GST Rate Cuts Expected to Boost Credit Growth for Banks and NBFCs: ICRA

New Delhi: A new report by rating agency ICRA projects stronger credit growth for banks and non-banking financial companies (NBFCs) in FY2026, supported by GST rate cuts, an upcoming CRR reduction, and abundant liquidity in the system.

According to the report, incremental credit flow for banks is expected to rise to ?19–20.5 lakh crore in FY2026, compared to ?18 lakh crore in FY2025. This represents a year-on-year growth of 10.4–11.3%, slightly higher than the 10.9% growth recorded last year.

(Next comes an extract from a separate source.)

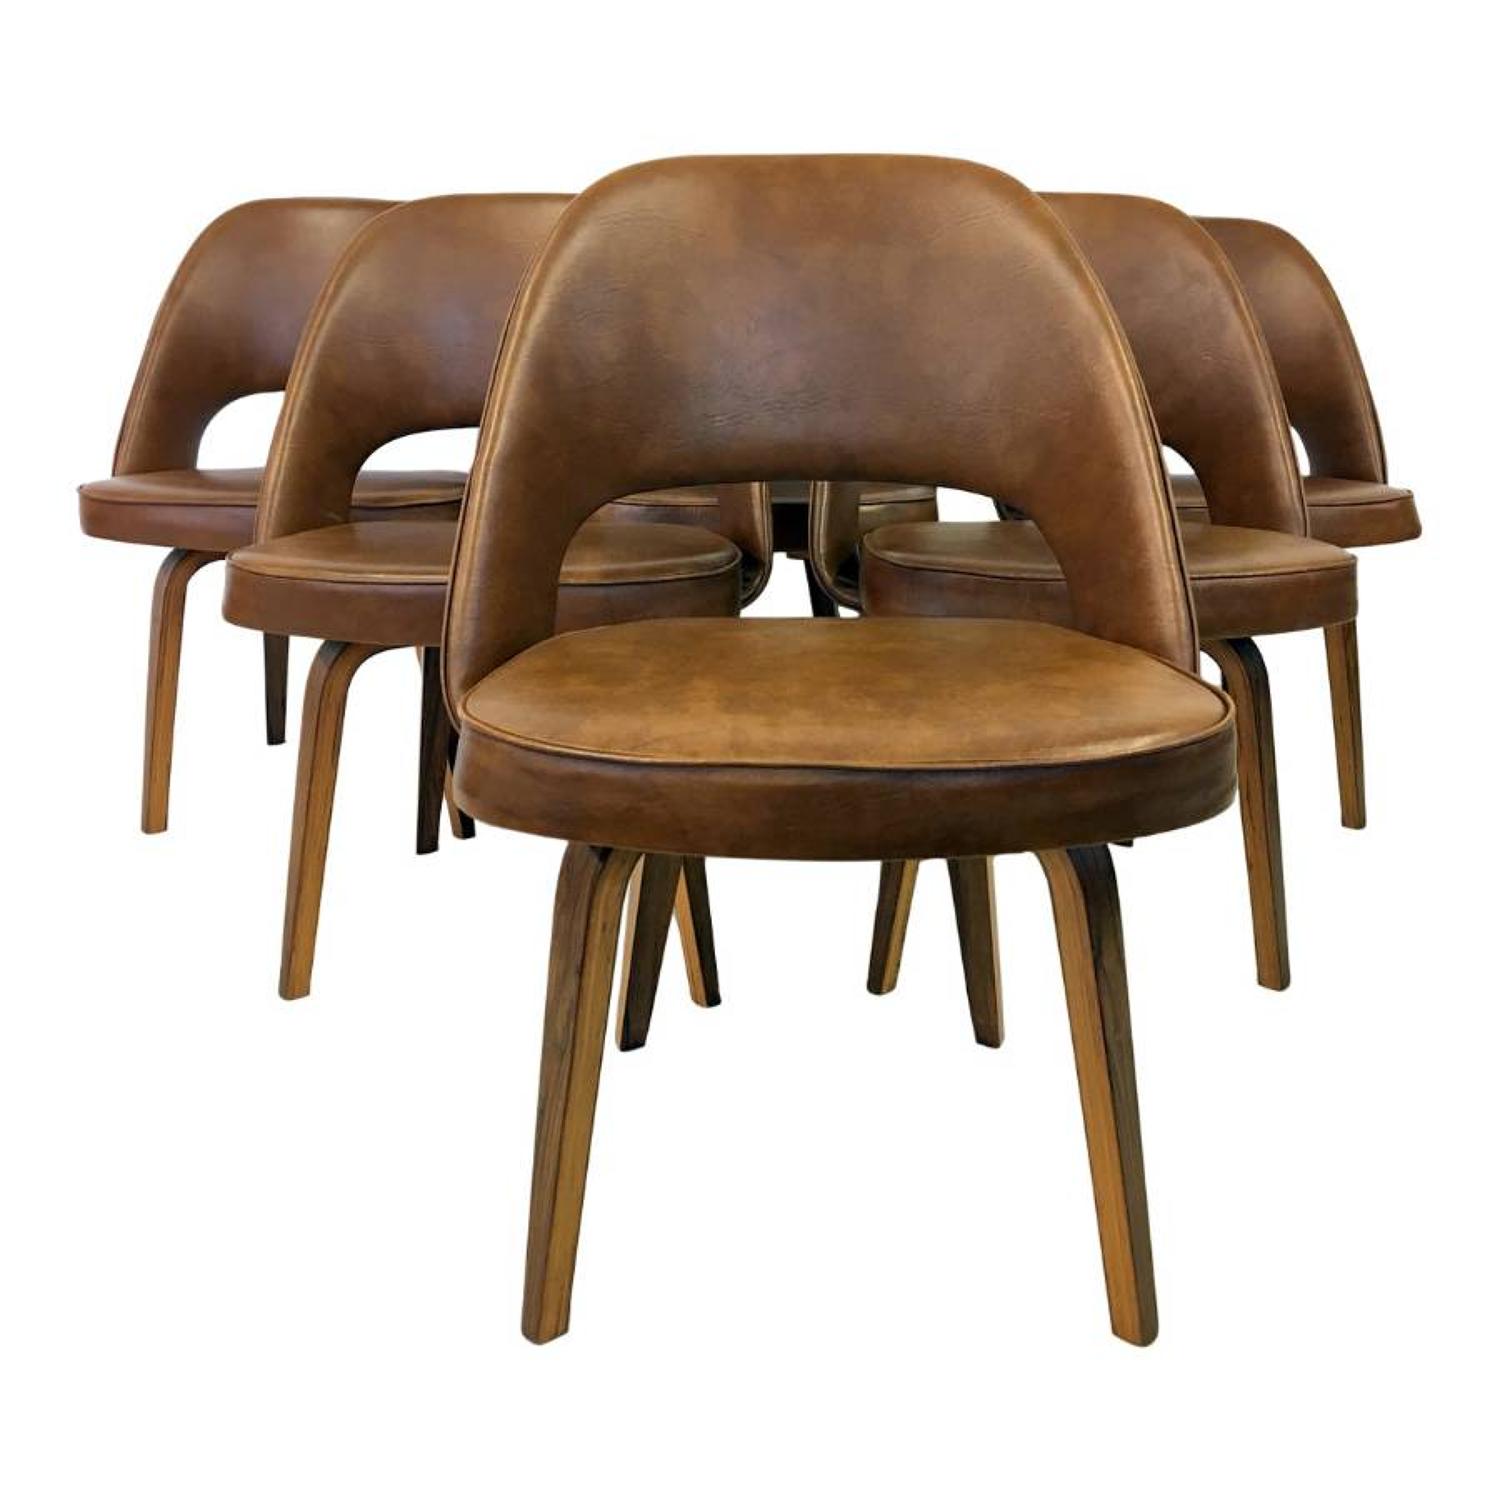 A set of six Executive chairs by Eero Saarinen

For NBFCs (excluding infrastructure-focused entities), credit growth is projected at 15–17% in FY2026, compared to 17% in FY2025.

Credit Growth Drivers

Although incremental bank credit growth was lower in the first five months of FY2026 (?3.9 lakh crore) versus the same period last year (?5.1 lakh crore), GST rationalisation and policy support are expected to spur lending in the coming months.

ICRA also notes that the downward repricing of deposits will improve banks’ competitiveness against debt capital markets, while the credit-to-deposit ratio and strong liquidity will provide further tailwinds for lending expansion.

Asset Quality and Risks

ICRA Senior Vice President Anil Gupta highlighted that stress in retail and MSME loan segments had slowed growth for both private banks and NBFCs. However, he added:
"With improvement in economic activity post-GST rate cuts, the growth appetite shall improve, which will support credit growth."

Despite the positive outlook, the report flagged ongoing loan quality risks tied to global uncertainties and evolving geopolitical conditions.

As of July 2025, loans to MSMEs and unsecured personal loans accounted for 17% of the total non-food bank credit of ?184 lakh crore. For NBFCs, loans to small businesses and unsecured personal/consumption loans made up about 34% of total credit of ?35 lakh crore as of March 2025.

ICRA cautioned that while macroeconomic shifts may not directly hit lenders, they could indirectly affect borrowers in export-linked or demand-sensitive sectors. For instance, transport operators in the apparel export sector may face underutilisation, while employees in such industries could struggle to service existing loans (microfinance, personal, or home loans) due to income shocks.

Outlook

Despite these headwinds, the falling cost of funds is expected to support margins and profitability. ICRA maintains a stable outlook for banks and NBFCs, with the exception of the microfinance sector, where the outlook remains negative. Current capital buffers, the report notes, are sufficient to absorb unforeseen shocks.